At the front of the room is MRS. JANSEN (75), an old woman with long, ashen hair pulled into a bun. Her pupils show nothing but apathy towards her and her lesson. She appears even more disinterested than they.
Another thing to keep in mind is that you don’t put anything on the page that cannot be filmed. For example you wrote: ‘...yet these children are trapped in what feels like a heat box.’
‘...in what feels like...’ cannot be filmed and, it is telling, not showing. Maybe something like:
It is a gorgeous day outside, yet these children are trapped in inside, sweating profusely. Fans eternally spinning to no avail.
You introduce us to DENNIS but fail to give us his last name, a name Mrs. Jansen addresses him by: Mr. Pajak. Please introduce all your characters with their first and last names were appropriate to eliminate confusion later in the script.
Page 2: Mrs.
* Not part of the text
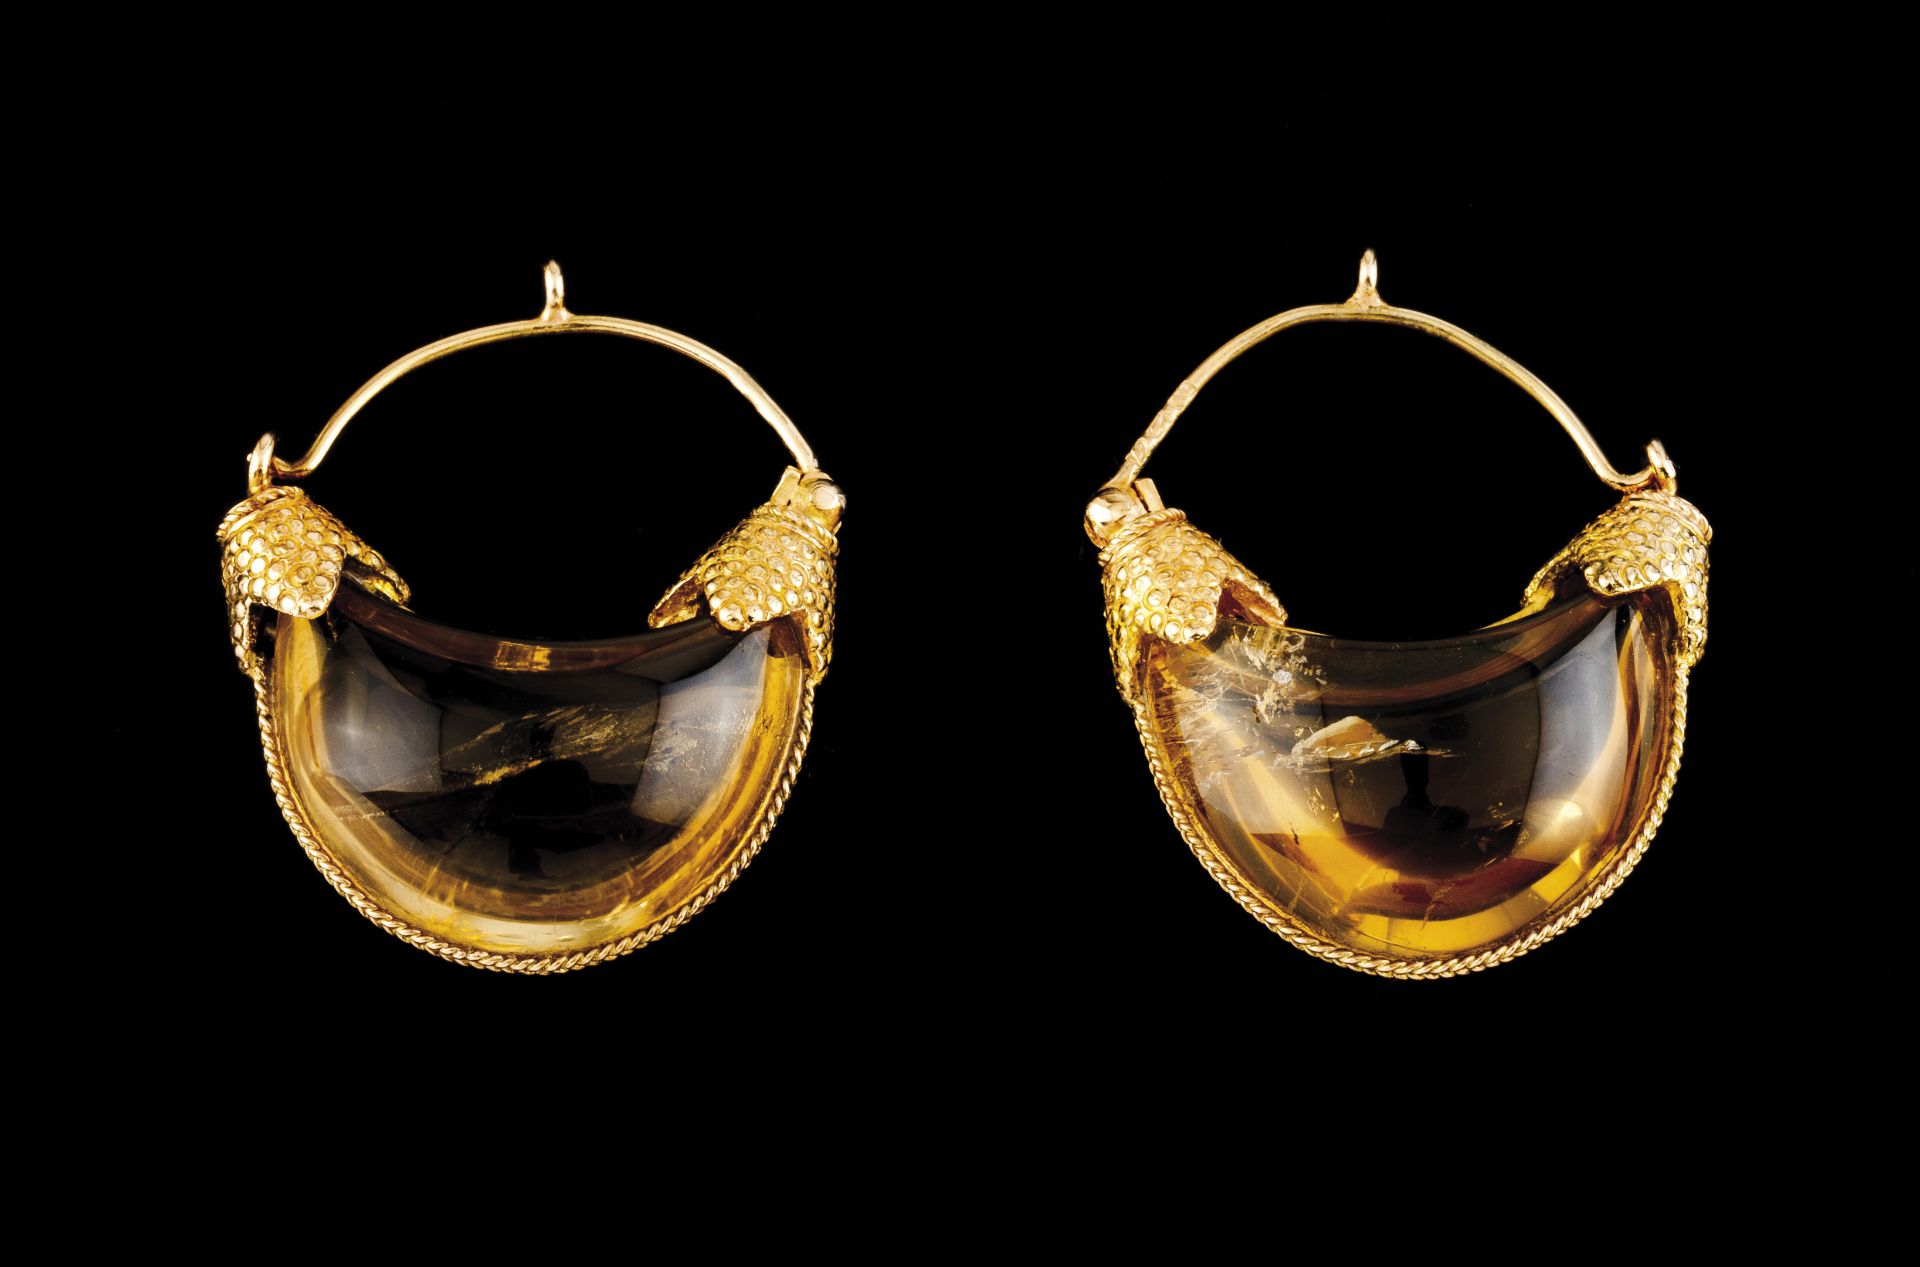 A pair of earringsGoldGreco-Roman inspired decoration set with two citrine quartzLisbon hallmark
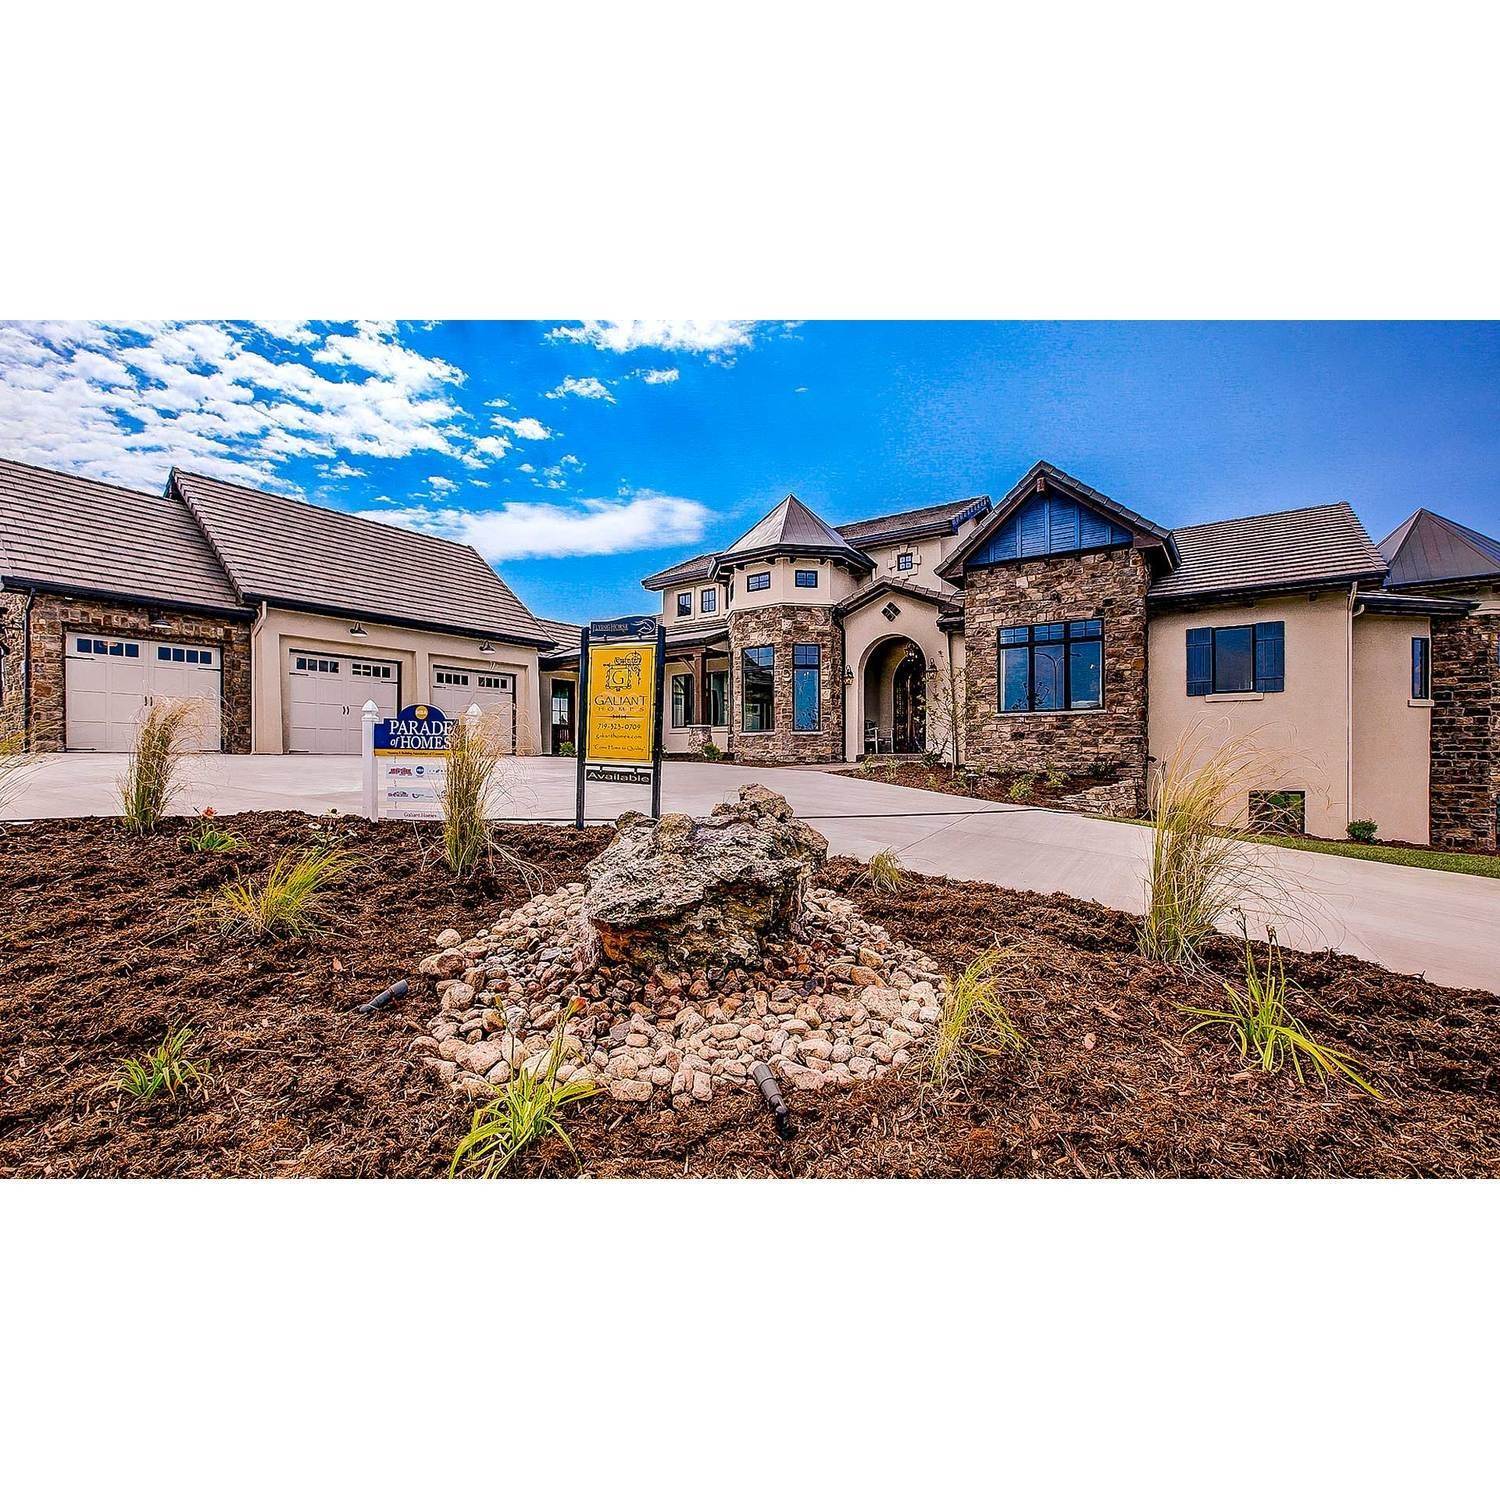 19. Galiant Homes gebouw op 4783 Farmingdale Dr, Colorado Springs, CO 80918

Jansen seems to be very straight laced and by the book, so I doubt she would say: ‘...10 vocab questions...’. What rings more true is if she said: ‘...10 vocabulary questions...’.
Melanie is 9 years-old yet she talks like a much older person. I don’t think a fourth grader would say: ‘Looks like our classmates don’t agree.’ Maybe just keep it simple: They don’t think so.
Page 3: Same with Dennis’ dialogue: What should I do? Go up and beg Jansen to postpone the test? She’d hit me with her broomstick. I just don’t see a fourth grader using the word ‘postpone’. Maybe something like: What should I do? Go up and beg her not to give us the test? She’d hit me with her broomstick.
Page 4: First paragraph needs to be broken up--too many lines.
Page 5: The janitor parks his car in a garage? Really?
Page 6: You have Steven ask for string. Joe, the cashier goes to the back room to get it? It’s a hardware store! String would be on display, on a shelf. You need to be very careful that your story rings true. This doesn’t.
Page 7: Another gob of black at the bottom of the page. Break it up.
Page 10: Nice twist at the end. Open book test.
One man’s opinion – mileage may vary – batteries not included.